### Work order
Reproduce every line of the material below exactly. No pictures belong in the copy.
[[ Supplied data open ]]
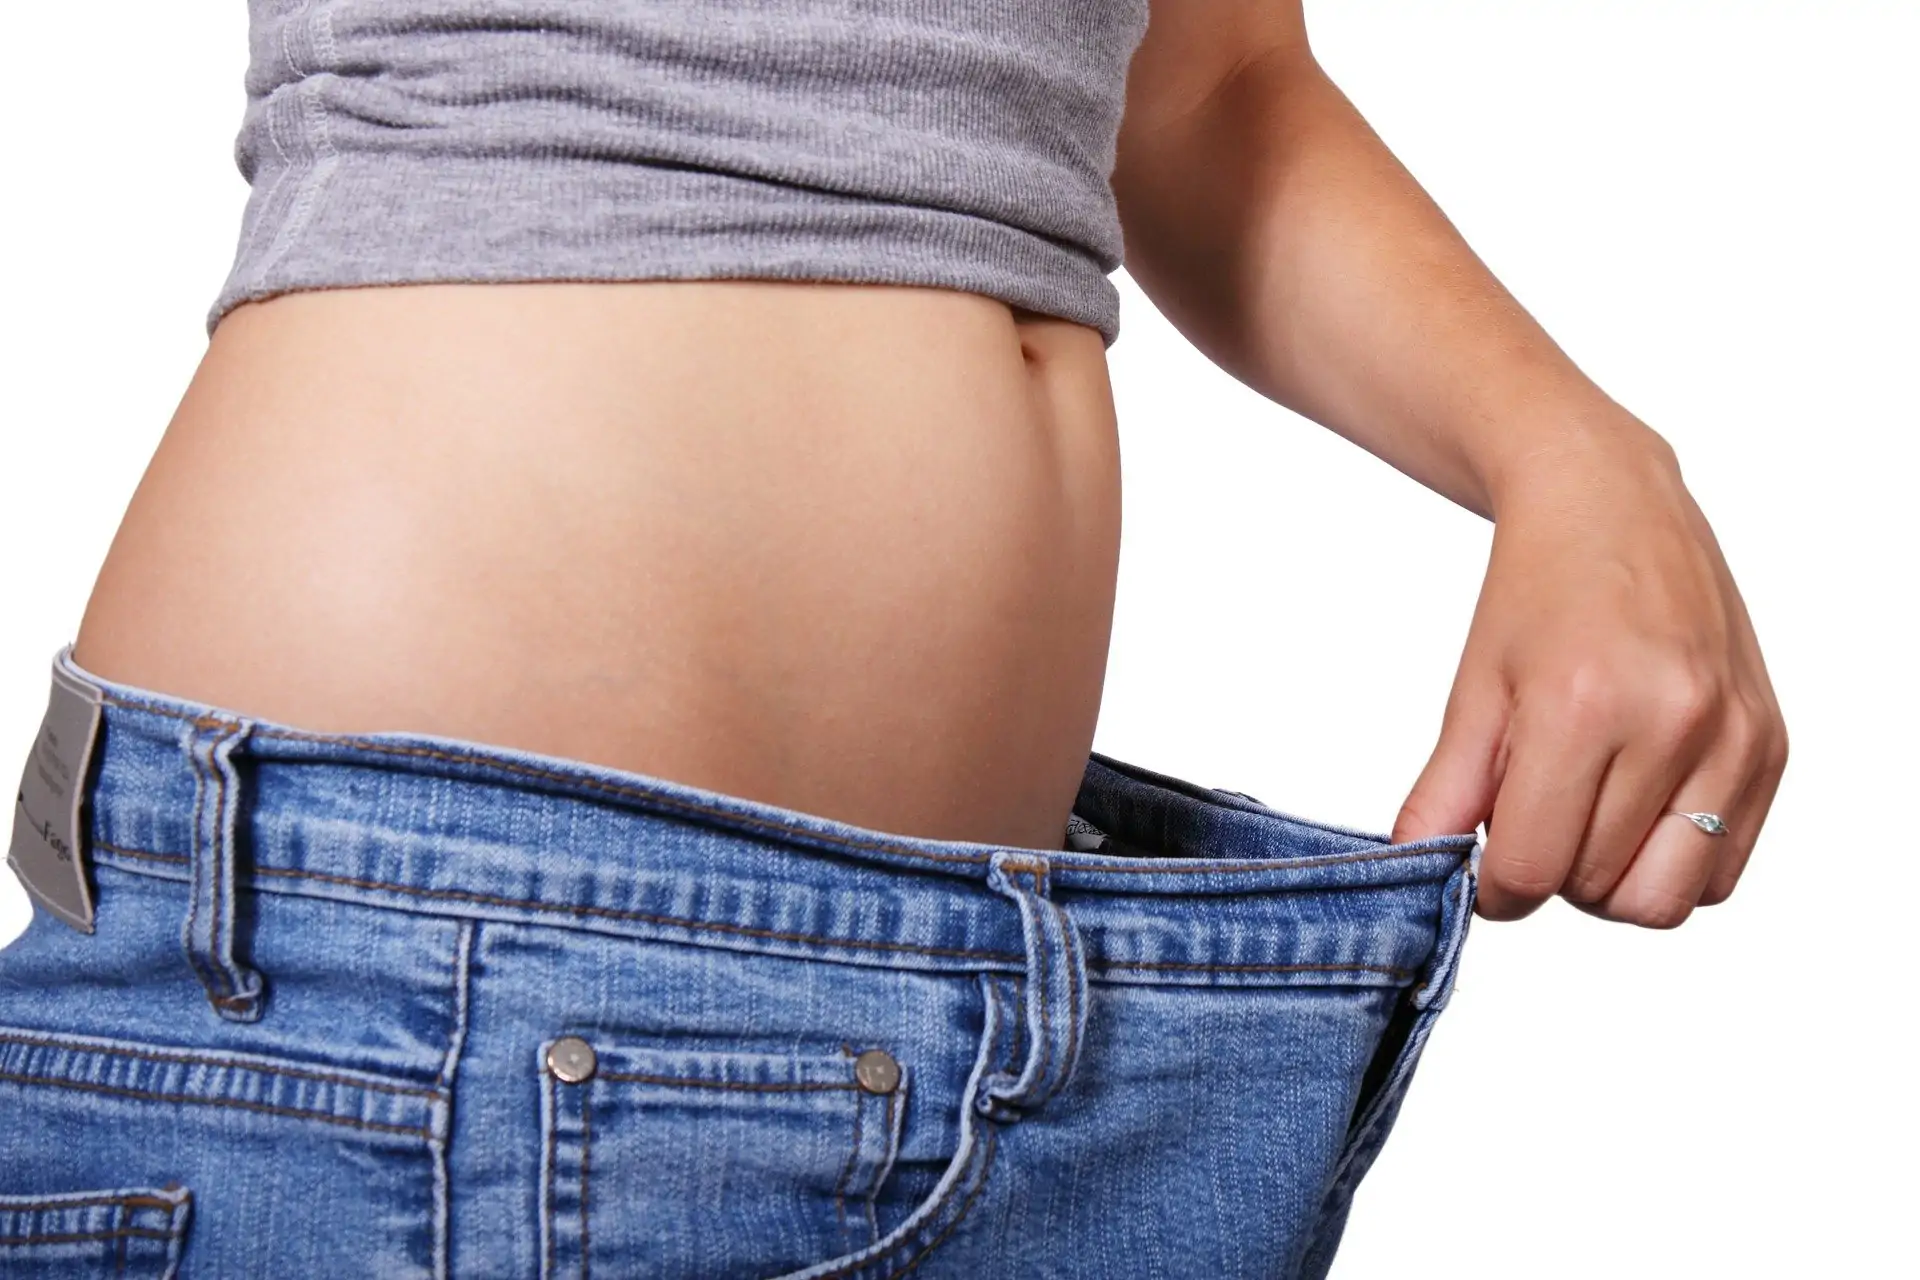 pierderea în greutate poate cauza dezechilibru hormonal
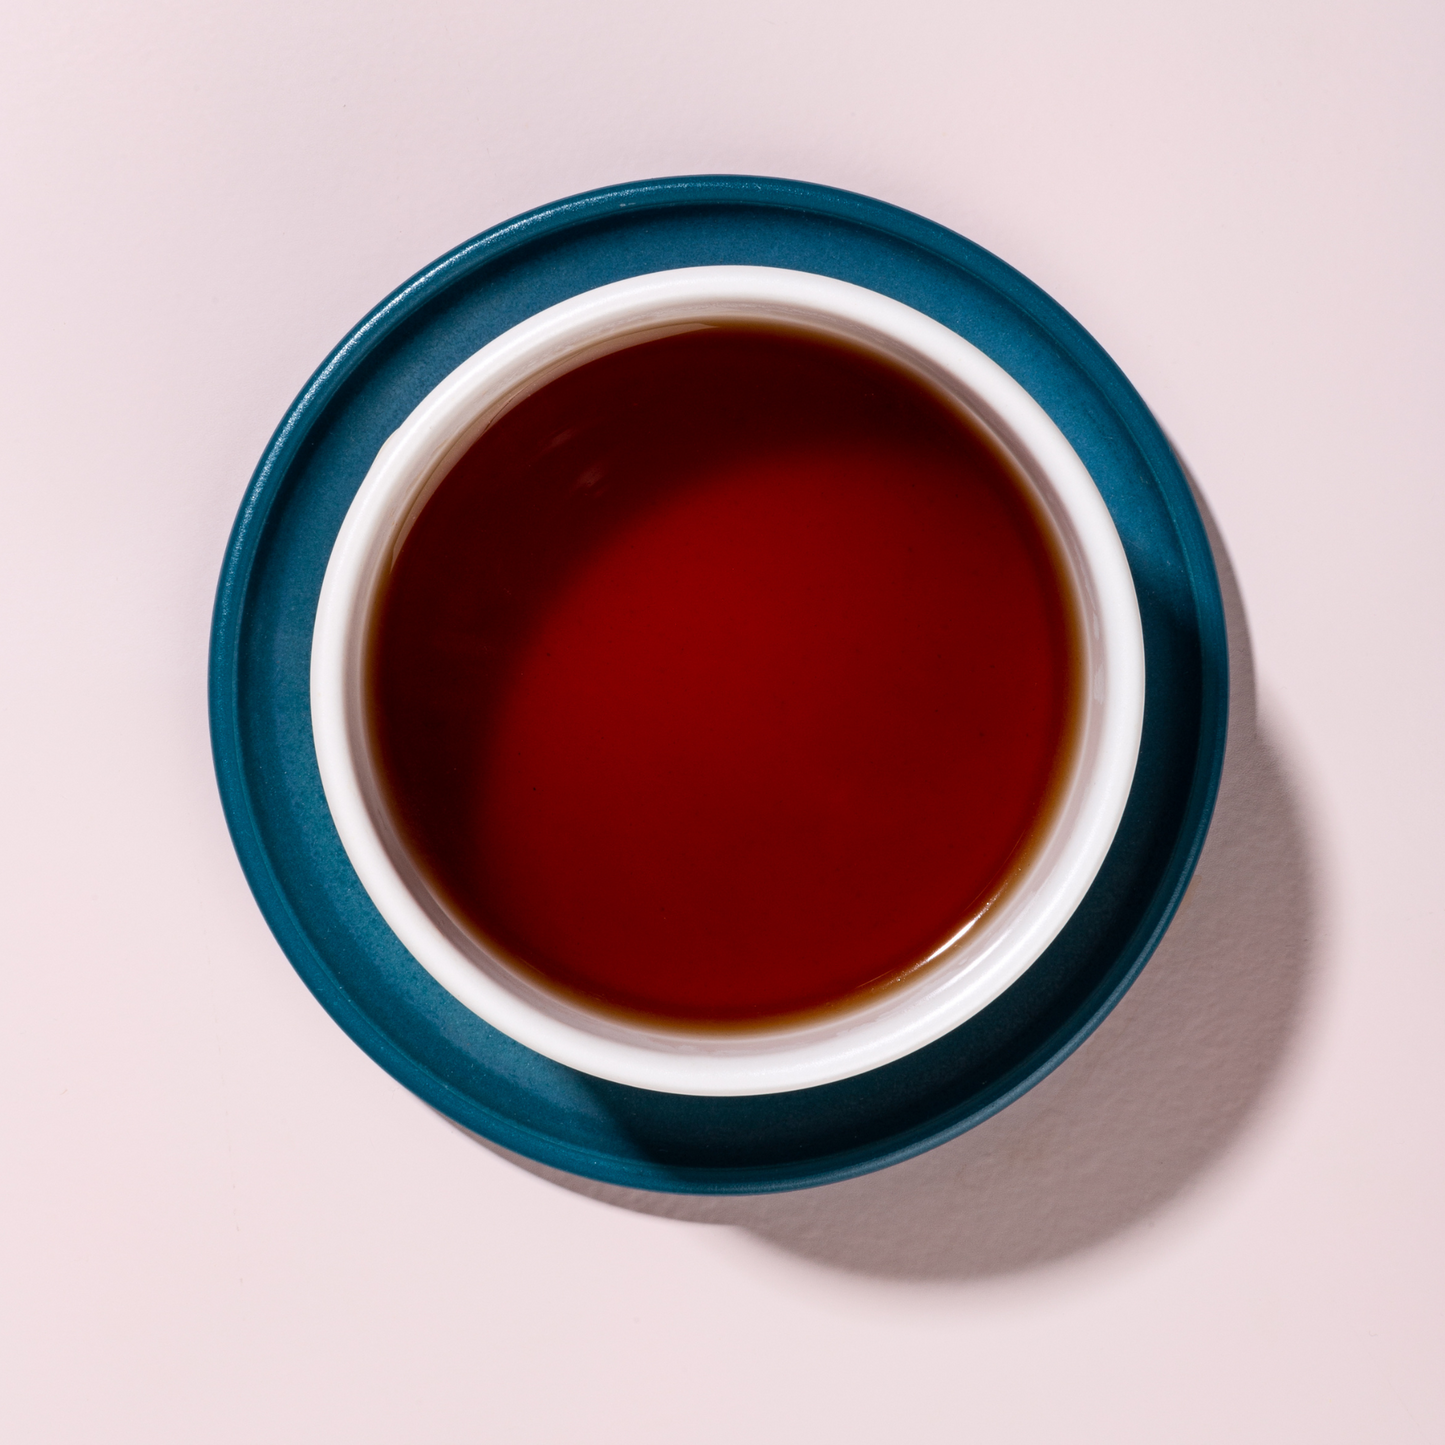 Elevate Sips by Joya Tea in Mug
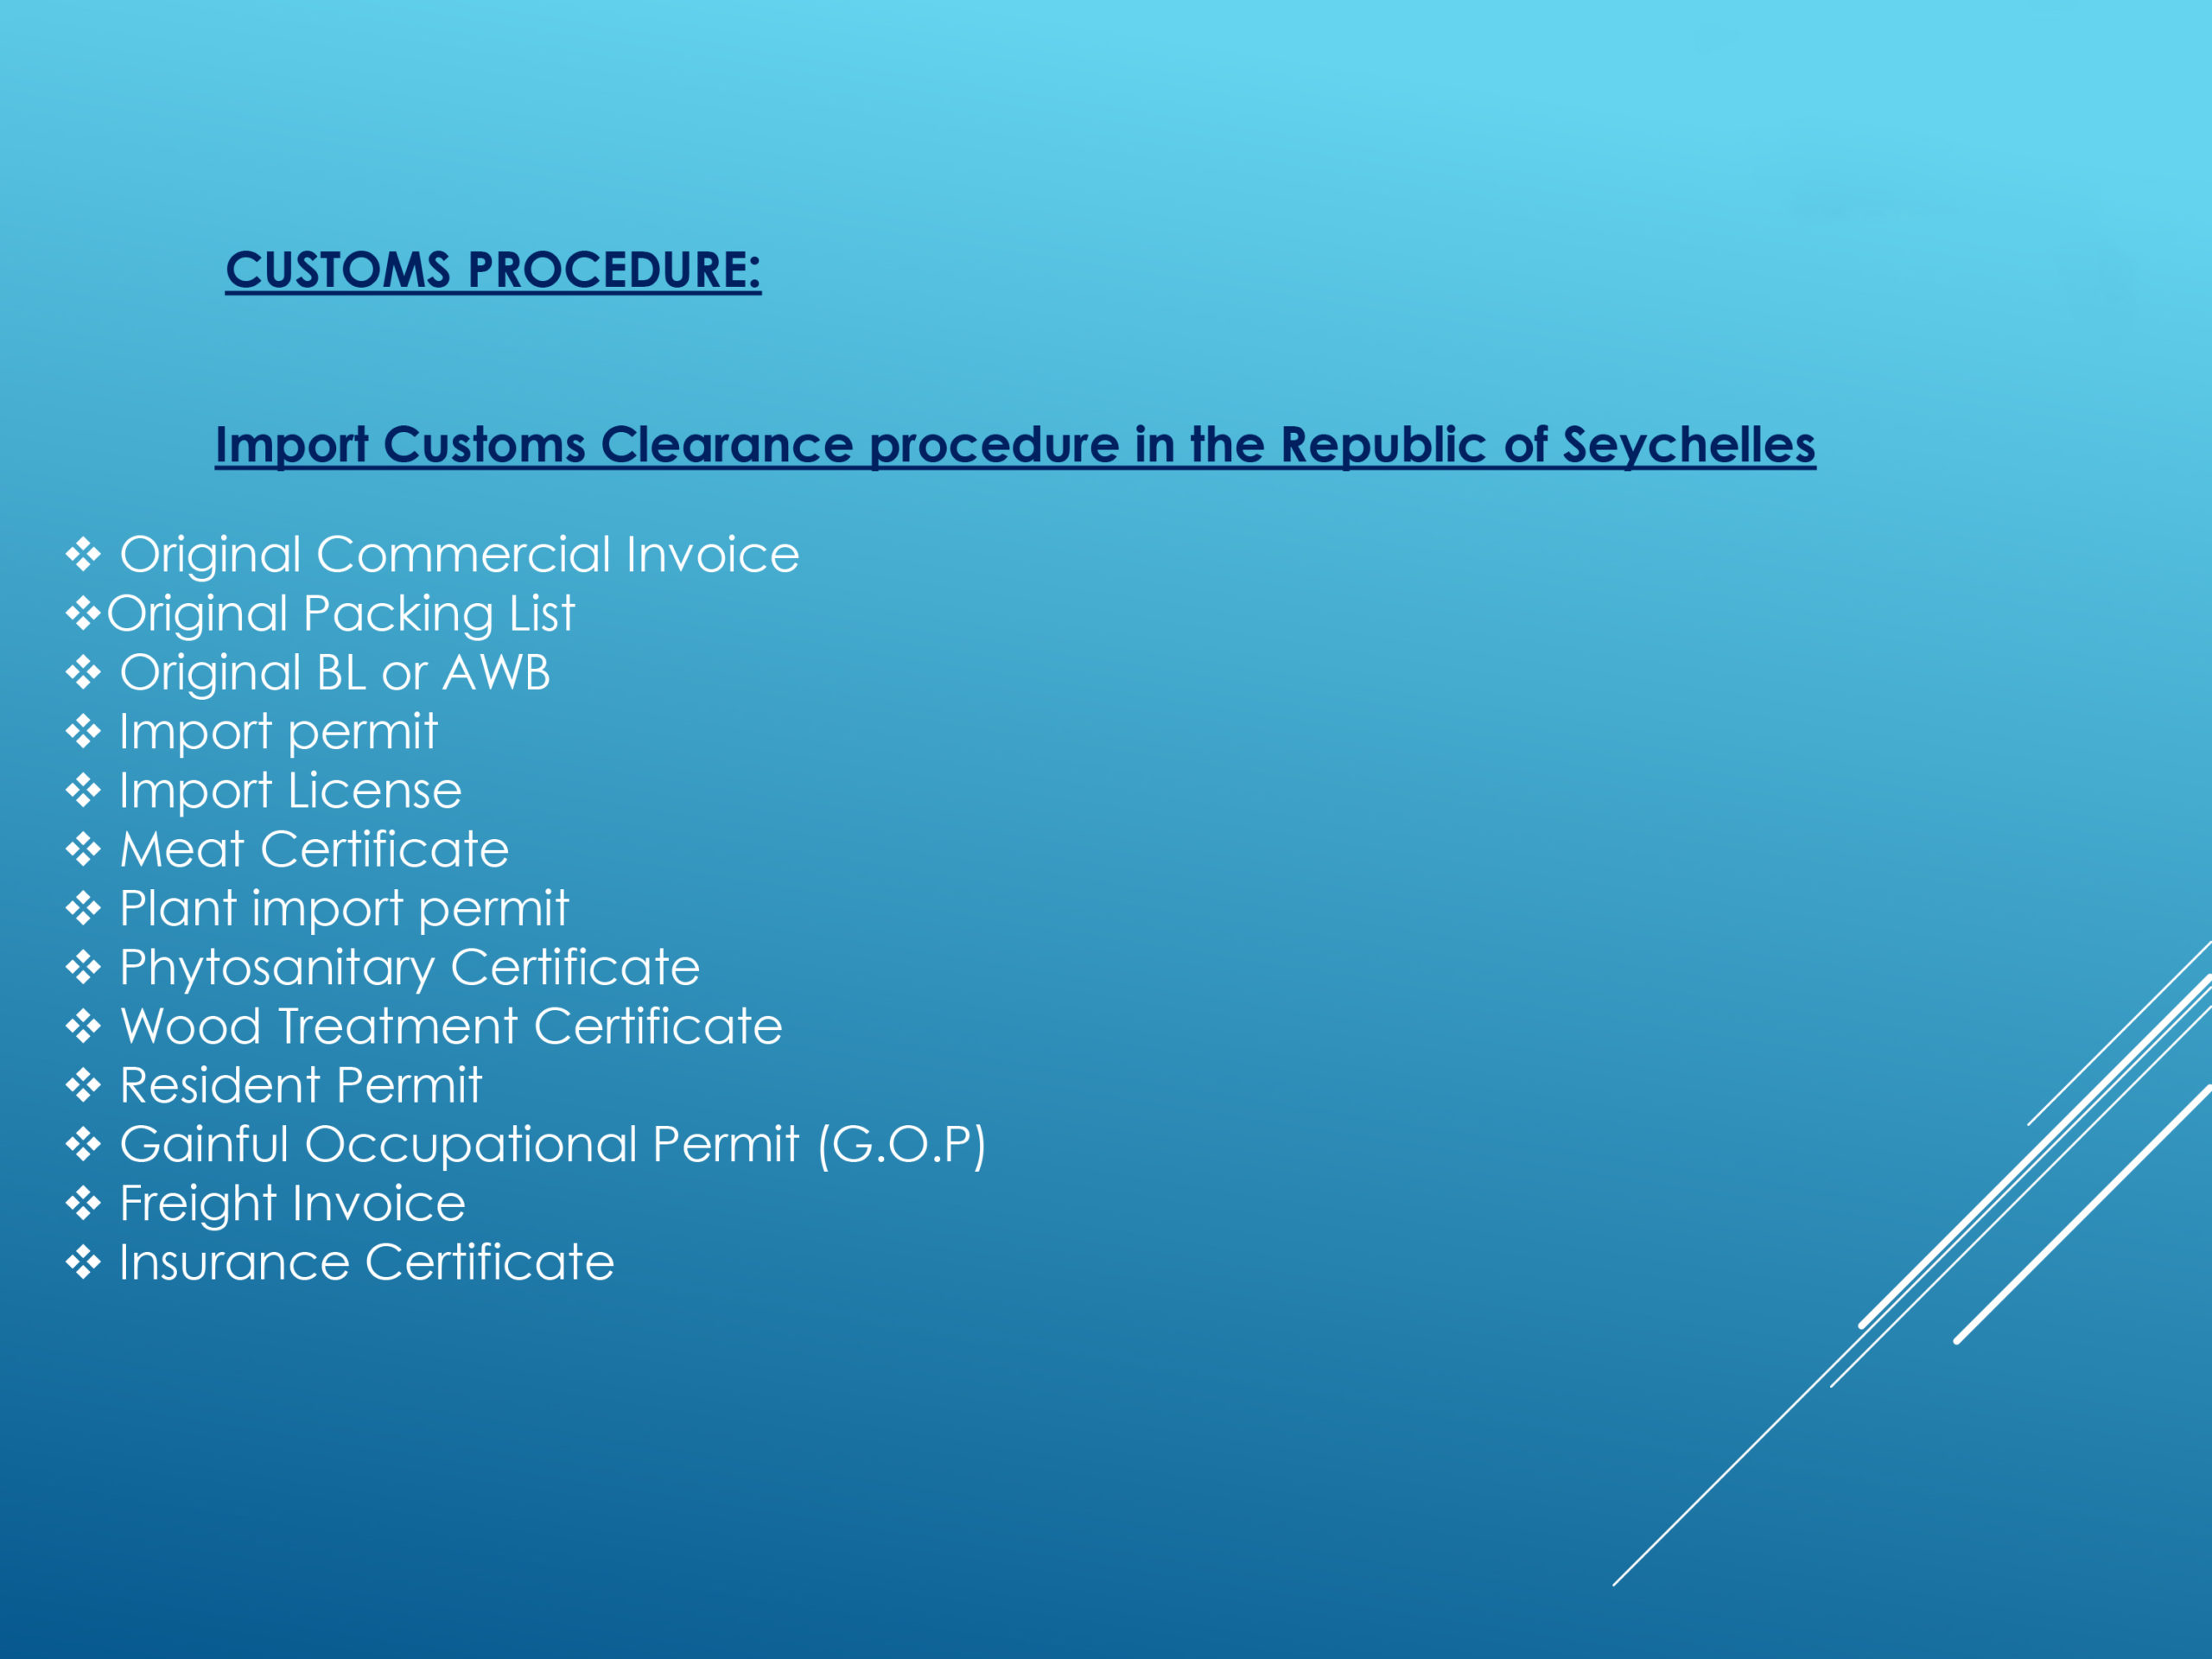 Express_Logistics_Customs_procedures_Seychelles_p2
[[ Supplied data closed ]]
### Response box
 pierderea în greutate poate cauza dezechilibru hormonal
 Elevate Sips by Joya Tea in Mug
 Express_Logistics_Customs_procedures_Seychelles_p2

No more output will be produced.